George Harrison and Jimi Hendrix never officially met, but they had similar views on fame. They were two of the most famous musicians in the 1960s, George with The Beatles and Hendrix with The Jimi Hendrix Experience. However, neither of them could be bothered with fame. All they cared about was their music.
Jimi Hendrix said fame allowed musical skills to depreciate
During an interview on The Dick Cavett Show, Hendrix revealed what he thought of fame. Cavett asked him what kind of compliments he liked to hear. Hendrix said he didn’t like compliments.
“I don’t know, I don’t really live on compliments,” Hendrix said. “Matter of fact, it has a way of distracting me. A whole lot of other musicians and artists out there today, you know they hear these compliments, they say, ‘Wow, I must have been really great.’
“So they get fat and satisfied, and they get lost, and they forget about the actual talent that they have, and they start living into another world.”
Cavett said it must be a struggle succeeding in the music industry playing the blues. “Sometimes it gets to be really easy to sing the blues when you’re supposed to be making all this much money,” Hendrix said, “because money-it’s getting to be out of hand now.
“Like musicians, especially young cats, they get a chance to make all this money, and they say, ‘Wow, this is fantastic.’ And like I said before, they lose themselves, and they forget about the music itself, they forget about their talents, they forget about the other half of them. So, therefore, you can sing a whole lot of blues. The more money you make, the more blues sometimes you can sing.
“But the idea is like to use all these hang-ups and all these different things as steps in life. Just like drinking coffee, well you don’t drink it every day, or else you go into another scene with it. Like an escape.” Cavett didn’t understand him much.
George Harrison struggled being on tour with The Beatles
George would have agreed that fame often made musicians forget their talent. He frequently said that he enjoyed his time in The Beatles before they were famous because that was when they were truly a band and honing their skills as songwriters and musicians.
During a rare 1987 interview with Entertainment Tonight, George said, “When we became the famous Fabs it was really all over, sort of that aspect of just being a group playing and ‘What are we going to do?’ Where we didn’t have to care, where we could drink and just be up there being a rock band in our leather suits.”
Then, they became popular and embarked on a series of worldwide tours that were exhausting, boring, and often terrifying. George explained that being on the road, playing the same songs repeatedly, didn’t help them advance musically either.
“We became popular, and all this stuff happened where we sang the same songs a lot, we still had a laugh, it was still good fun though,” George explained. “But you know the-that side of it, of playing like as a musician lost the edge there because we just played the same tunes that we play recorded, go around the world singing the same 10 songs and every year, we’d lose one and add a new one, and it got a bit boring being fab.”

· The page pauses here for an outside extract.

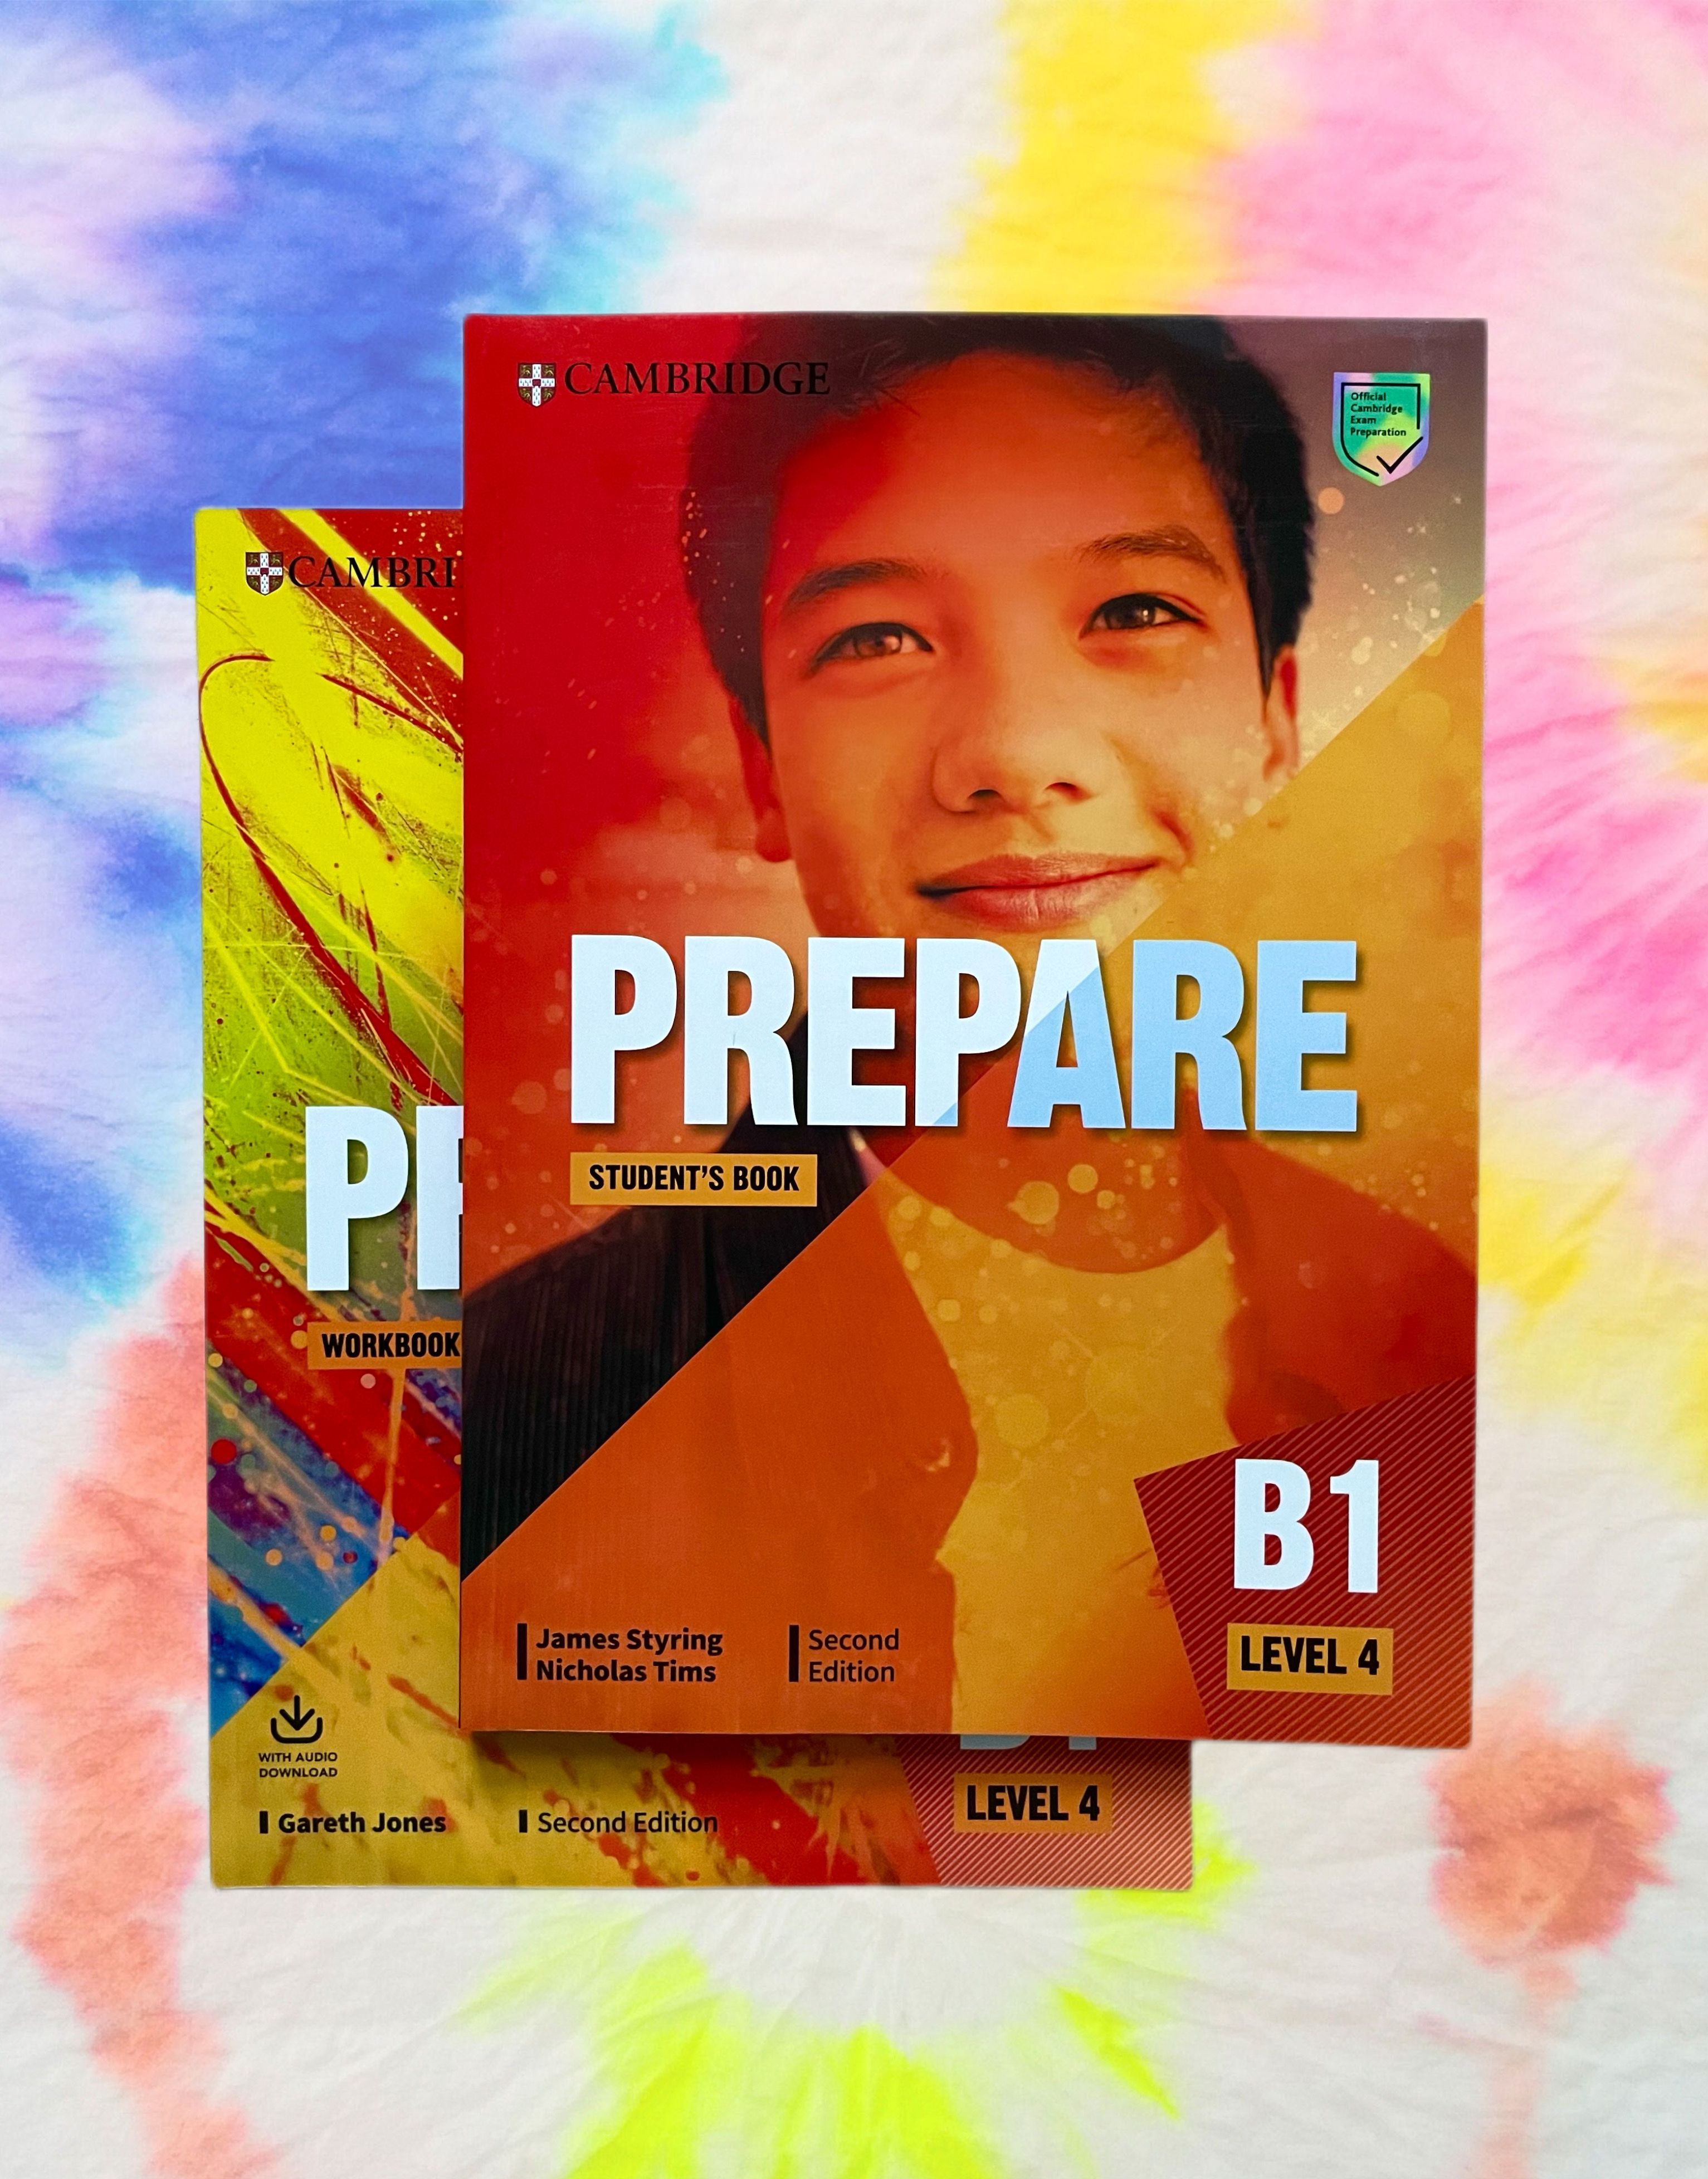 Prepare level 4. Prepare учебник. Prepare учебник английского. Учебник prepare 4. Prepare Level 4 student's book.

When The Beatles stopped touring, they could focus on their music again. Still, George was never delighted being famous. He hated fans dissecting him under a microscope. For the rest of his life, George enjoyed living in peace and releasing music when he wanted, not when fans or record companies demanded it.
George Harrison and Jimi Hendrix might have been friends
There’s no record of George and Hendrix actually meeting. However, there is proof that George and Paul McCartney witnessed Hendrix perform. According to Beatles Bible, George and Paul saw The Jimi Hendrix Experience perform at London’s Saville Theatre on Jun. 4, 1967.
Hendrix opened his set with a version of The Beatles’ “Sgt Pepper’s Lonely Hearts Club Band.” The Beatles had released the album of the same name just three days before. Paul called it “the ultimate compliment.”
Although the two musicians never met, they were united in their sentiments. So, it would be safe to assume that they would have been great friends or at least good acquaintances who shared similar views.